На берегу канала продолжалась суматоха, вытаскивали свалившихся в воду. Тем временем пассажиры размещались в почтовой карете, которая с немецкой аккуратностью отправлялась в путь в точно назначенное время. Дальше ехали без приключений. Господин Брант отдышался и сидел, сжавшись в комок. От молитвенника почти не отрывал глаз и лишь иногда робко улыбался, глядя на страшного русского казака, клинок которого просвистел у самого его уха, но даже не разрезал сукна кафтана.

В Любеке длинные ящики были благополучно перегружены на судно под английским флагом. Старые знакомые Ивана, помнившие его еще как боцмана с «Сирены», радостно отметили встречу в старом добром «Белом ките». Чуть позднее некоторым личностям, которые и здесь проявили интерес к господину Бранту и его грузу, пришлось исчезнуть из порта. Тем более что их вожаку проломили голову оловянной пивной кружкой. Господин же Брант получил свой вексель и остался очень доволен выгодной сделкой. А купца из Архангельска, который принял груз, заверил, что готов и дальше вести дела с русскими друзьями. И добавил, что сильно ошибаются все те, кто считает московитов доверчивыми, бестолковыми, ничего не понимающими в современной коммерции и способными лишь к мелкой торговле.

Копенгаген и датские проливы миновали благополучно и вместе с несколькими другими судами присоединились к конвою, идущему в Архангельск.

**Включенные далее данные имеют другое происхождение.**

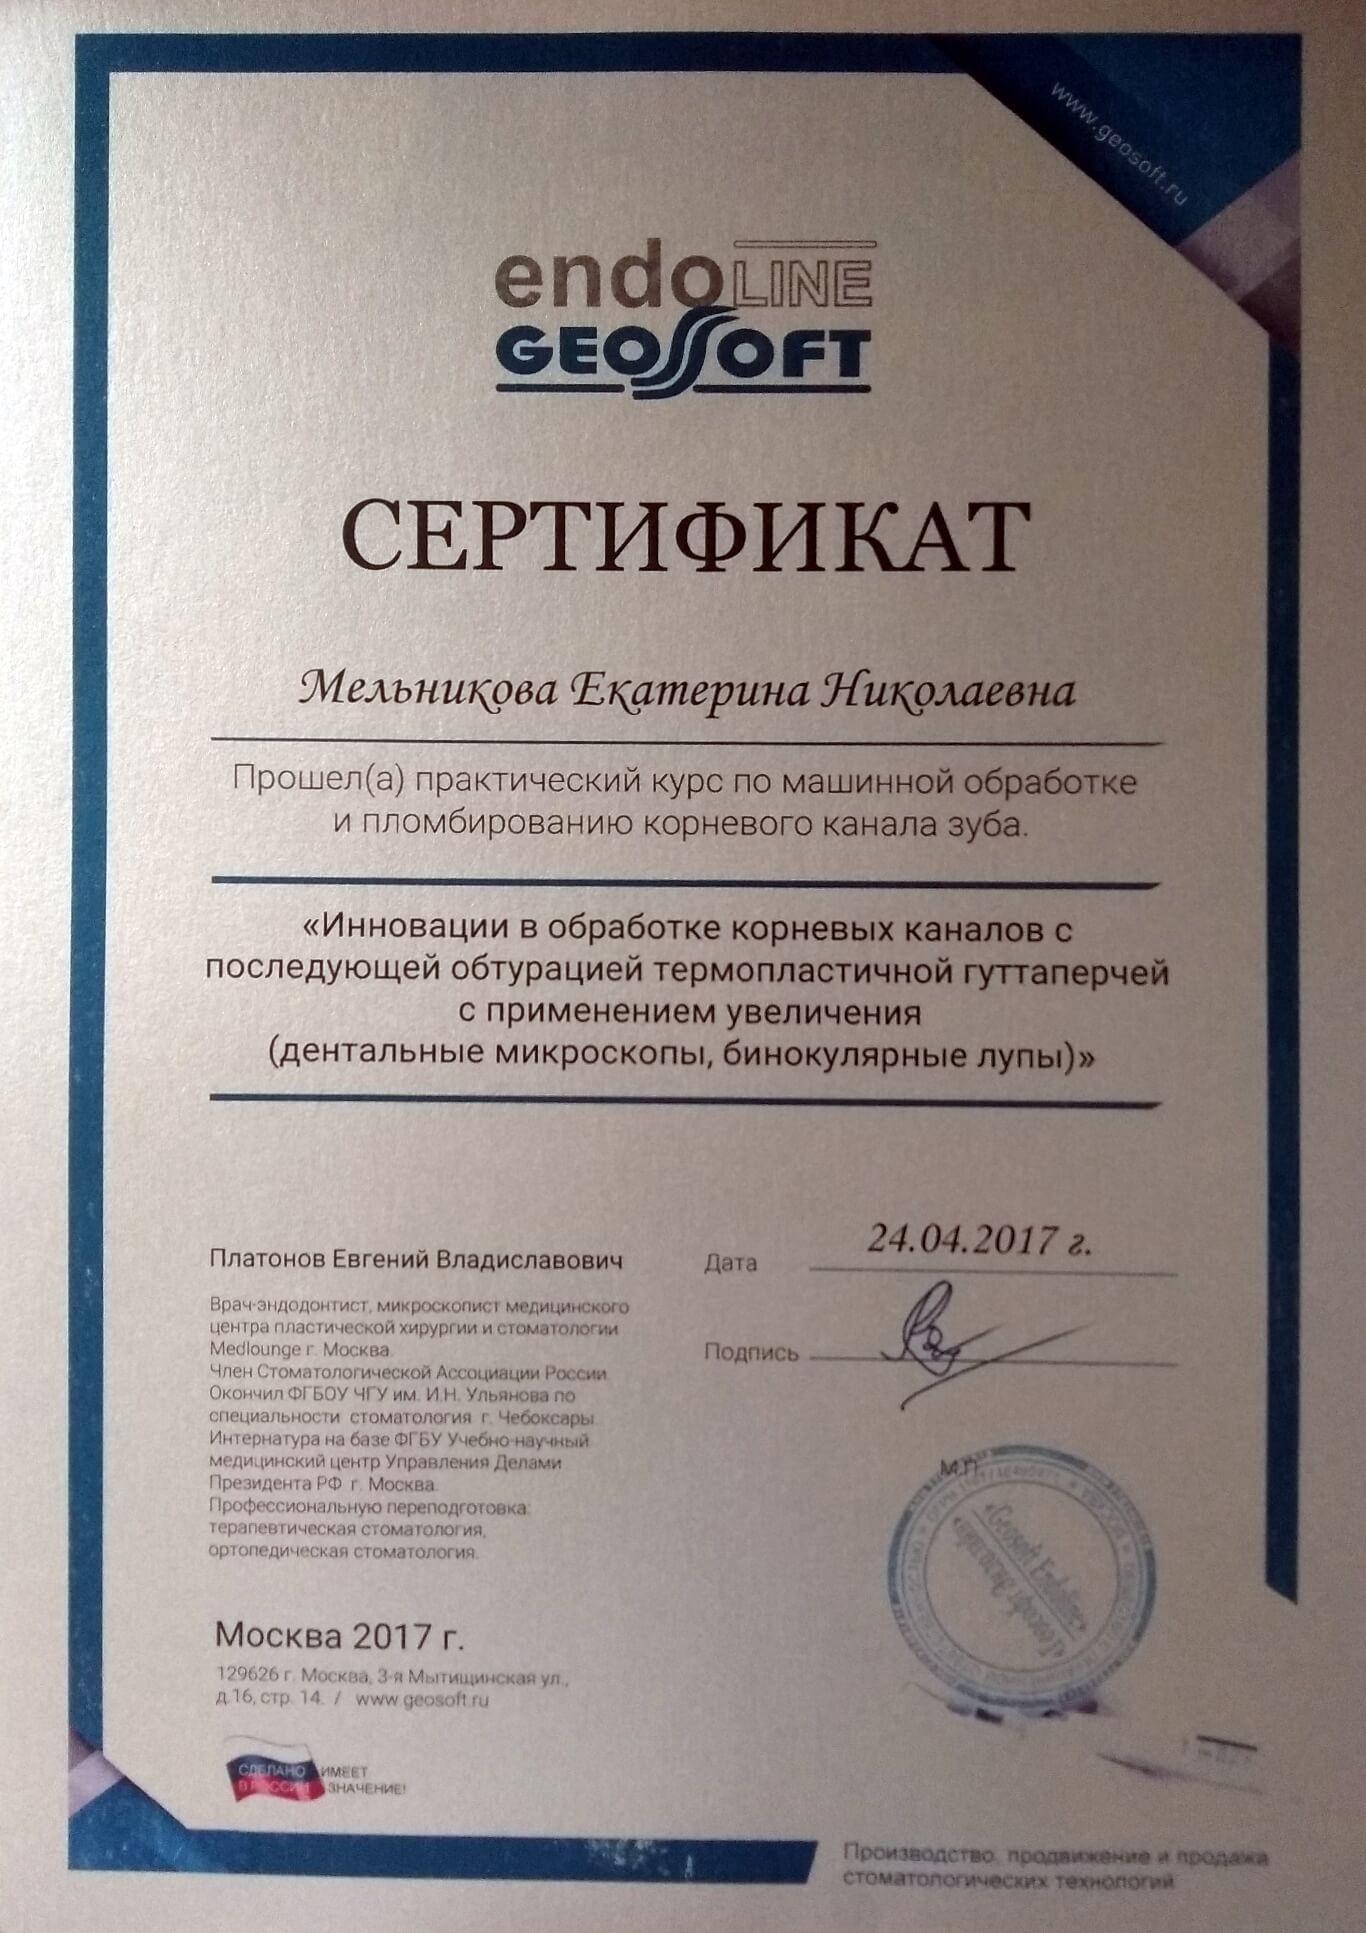 Куликова В. С. — сертификат №10

Северное море встретило неласково. Над волнами неслись рваные черные тучи, временами хлестал холодный дождь. Ветер гудел в снастях, обрушивал на палубу зло шипящие волны. Тяжело груженые торговые суда шли, переваливаясь с борта на борт. Их капитаны не пытались соблюдать строй и лишь старались держать общий курс и не столкнуться друг с другом. Некоторым доставалось больше всего, и, зарываясь в волны, они все время отставали. Именно около них чаще всего появлялся приставленный к каравану английский фрегат. Он стремительно носился в тучах брызг, совершал крутые повороты, подгонял отстающих. Время от времени с него раздавались пушечные выстрелы, которые должны были привлечь внимание торговых моряков к сигналам флагмана каравана — голландского линейного корабля.

Иван уже знал, что фрегат называется «Кентавр», имеет сорок пушек и отчаянного командира, которого зовут Сумасшедший Дик и который не любит убавлять паруса при свежем ветре. Стоять в туче холодных брызг не хотелось, и Иван спустился в коморку к архангельскому купцу, где уже устроился казак Лаврентий. Да и самому было интересно послушать последние новости из России.

Но долго беседовать землякам не пришлось. На палубе раздались крики и топот ног, стук колес орудийных станков и свистки боцманской дудки. Когда Иван опять очутился наверху, то увидел, как из серой дымки, окутавшей лежащие у самого горизонта берега Норвегии, появились два остроносых суденышка. Они быстро приближались к каравану и очень резво скакали с волны на волну, отсекая от остальных отставшие суда. «Кентавр» спешил им навстречу, но ему приходилось совершать дополнительные маневры, чтобы двигаться против ветра.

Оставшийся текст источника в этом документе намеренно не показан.